Sekedar perbandingan untuk tahun yang sama India sebesar 0,9%, Jepang 3,67% Singapura 2,2%, Malaysia 0,63%, Thailand 0,25%, Vietnam 0,19%, Tiongkok 2,08%, Sudan 0,23%, Saudi Arabia 0,25%, Azerbaijan 0,17%, Uganda 0,13%, Swedia 3,35, hingga yang tertinggi Korea selatan sebesar 3,3%. Padahal secara umum ada relasi yang erat antara pengeluaran dana riset suatu negara dengan kemajuan suatu bangsa. Hal ini bisa difahami mengingat temuan-temuan riset yang dilakukan secara sungguh-sungguh bisa digunakan untuk menjawab persoalan-persoalan yang dihadapi secara riel oleh Bangsa tersebut. Lebih dari itu, rencana-rencana riset sejak awal sebagian memang sudah diarahkan untuk menjawab policy questions yang dibutuhkan oleh pemerintah maupun dunia usaha atau industrinya.
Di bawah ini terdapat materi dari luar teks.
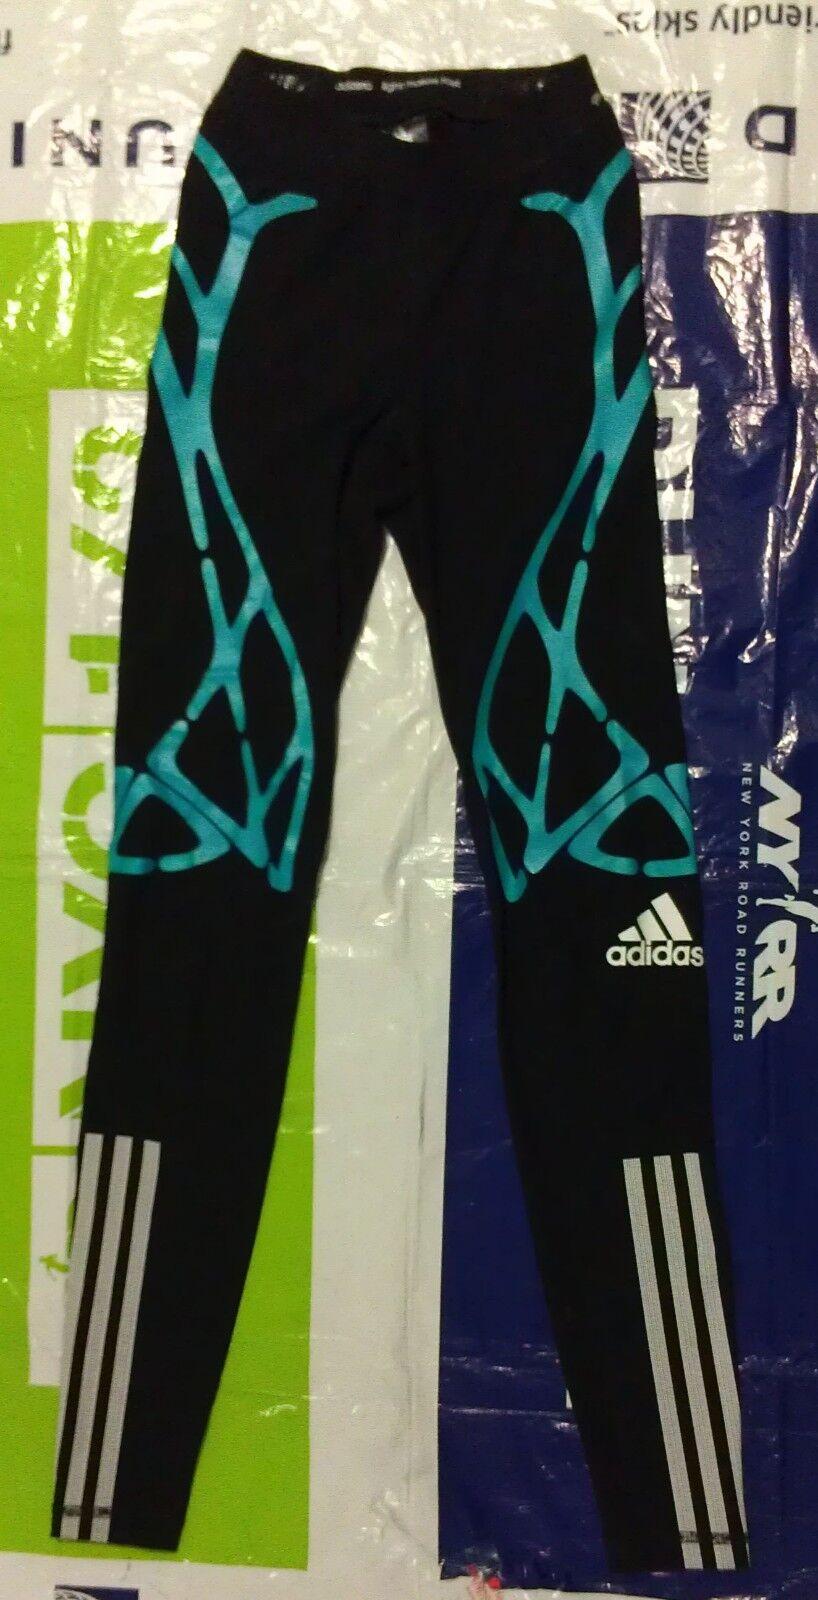 BNWT collants longs adidas adizero techfit sprint web pour hommes XS AJ4965

Kecilnya anggaran penelitian, yang berakibat rendahnya pendapatan peneliti, telah menyebabkan para dosen lebih senang mengajar dari pada meneliti. Penelitian hanya dilakukan sekedar memenhui kewajiban untuk naik pangkat. Untungnya sejak beberapa tahun terakhir terlihat ada usaha cukup serius untuk mengoptimalkan dana penelitian yang terbatas dengan optimalisasi kemanfaatan riset-riset yang dilakukan. Kementerian Ristek-Dikti (d/h Kemendikbud), telah mewajibkan para dosen yang akan mengajukan kenaikan pangkat untuk menghasilkan karya penelitian yang dipublikasikan pada jurnal ilmiah. Lebih-lebih bagi yang ingin mengajukan kenaikan pangkat ke Guru Besar atau Professor, mereka harus memiliki paling tidak satu karya penelitian yang dipublikasikan pada jurnal internasional bereputasi. Kebijakan ini bukan saja membantu diseminasi temuan-temuan penelitian yang dilakukan sehingga menjadi lebih bermanfaat, namun juga secara tidak langsung meningkatkan kualitas penelitian yang akan dipublikasikan.